The socio-economic development of India during the Rajput era was characterized by the growth of feudal estates. The richest among the feudal lords, along with the rulers, were the Hindu temples and monasteries. If initially only uncultivated lands complained to them and with the indispensable consent of the community that owned them, then from the 8th century. more and more often, not only lands are transferred, but also villages, the inhabitants of which were obliged to bear a natural service in favor of the recipient. However, at this time the Indian community was still relatively independent, large in size and self-governing. A full-fledged community member hereditarily owned his field, although trade operations with land were certainly controlled by the community administration.

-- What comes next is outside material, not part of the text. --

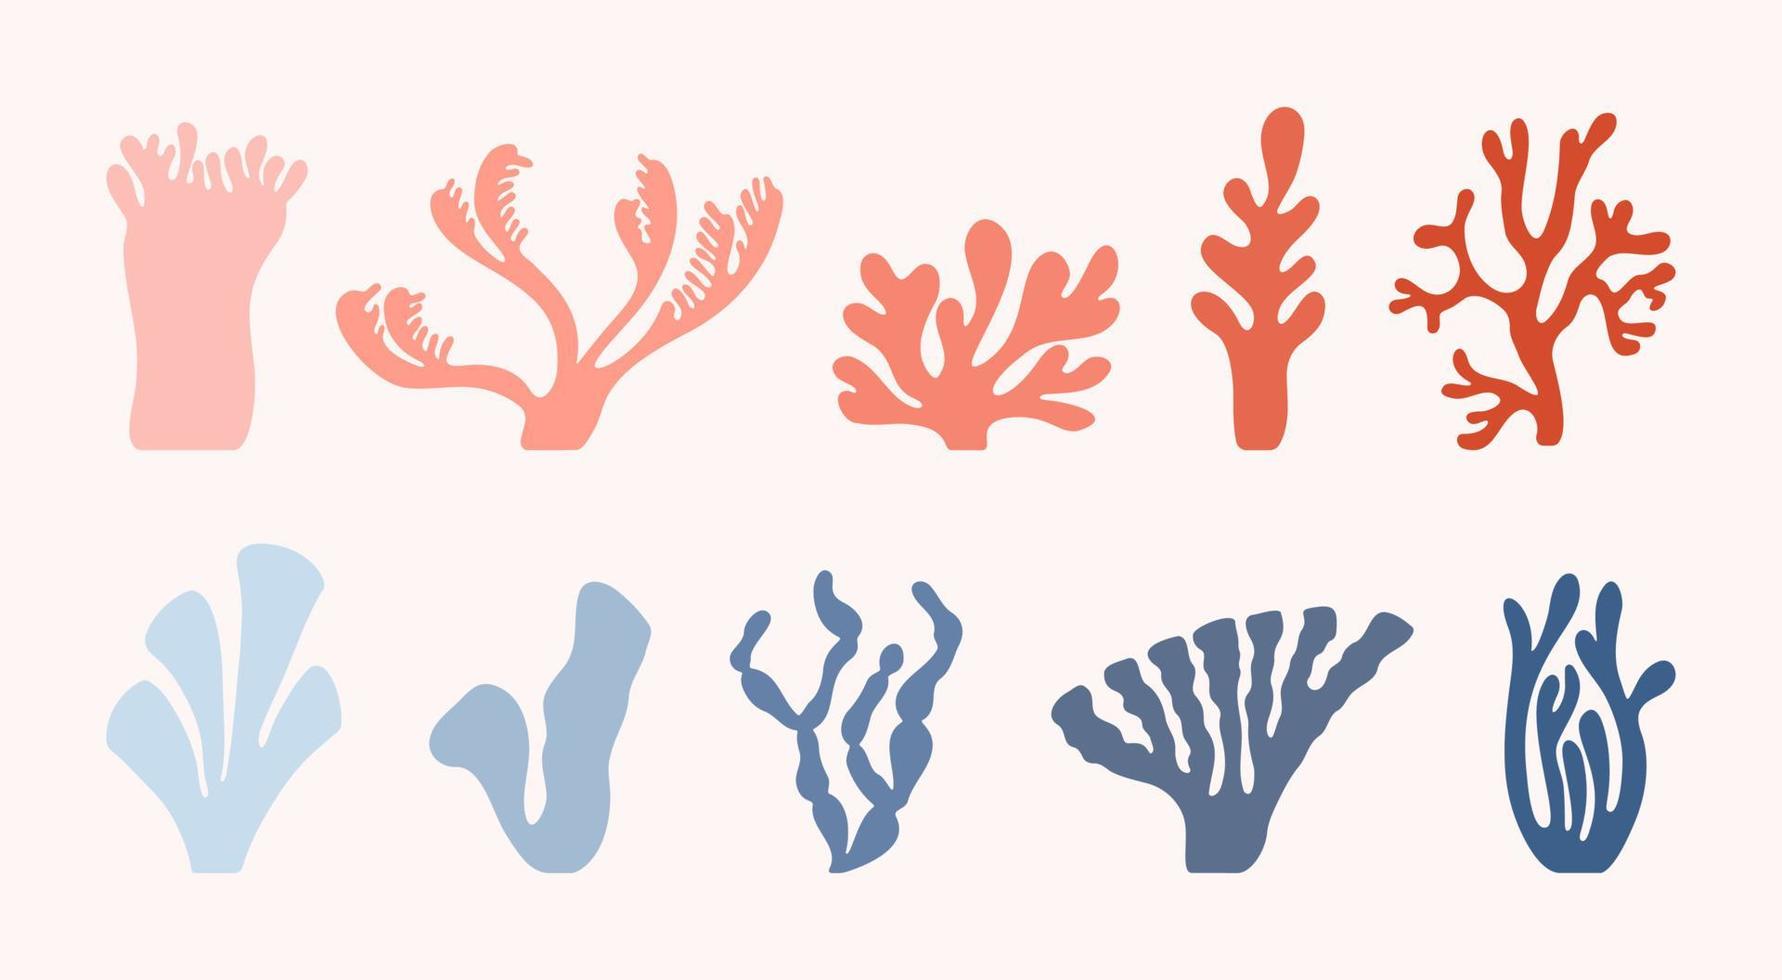 ensemble de dix coraux de mer abstraits dessinés dans le style henry matisse. vecteur

City life, frozen after the 6th century, began to revive only towards the end of the Rajput period. The old port centers developed faster. New cities arose near the castles of the feudal lords, where artisans settled, serving the needs of the court and the landowner's troops. The development of urban life was facilitated by the increased exchange between cities and the emergence of groupings of artisans according to castes. Just as in Western Europe, in the Indian city the development of handicrafts and trade was accompanied by the struggle of citizens against the feudal lords, who imposed new taxes on artisans and merchants. Moreover, the value of the tax was the higher, the lower was the class position of the castes to which the artisans and merchants belonged.

At the stage of feudal fragmentation, Hinduism finally took over Buddhism, defeating it with the power of its amorphousness, which perfectly corresponded to the political system of the era.

The era of the Muslim conquest of India. Delhi Sultanate (XIII - early XVI centuries) In the XIII century. in the north of India, a large Muslim state, the Delhi Sultanate, is established, and the dominance of Muslim commanders from the Central Asian Turks is finally taking shape. Sunni Islam becomes the state religion, and Persian becomes the official language. Accompanied by bloody strife, the dynasties of Gulyams, Khiljis, and Tughlakids were successively replaced in Delhi. The troops of the sultans made aggressive campaigns in Central and South India, and the conquered rulers were forced to recognize themselves as vassals of Delhi and pay an annual tribute to the sultan.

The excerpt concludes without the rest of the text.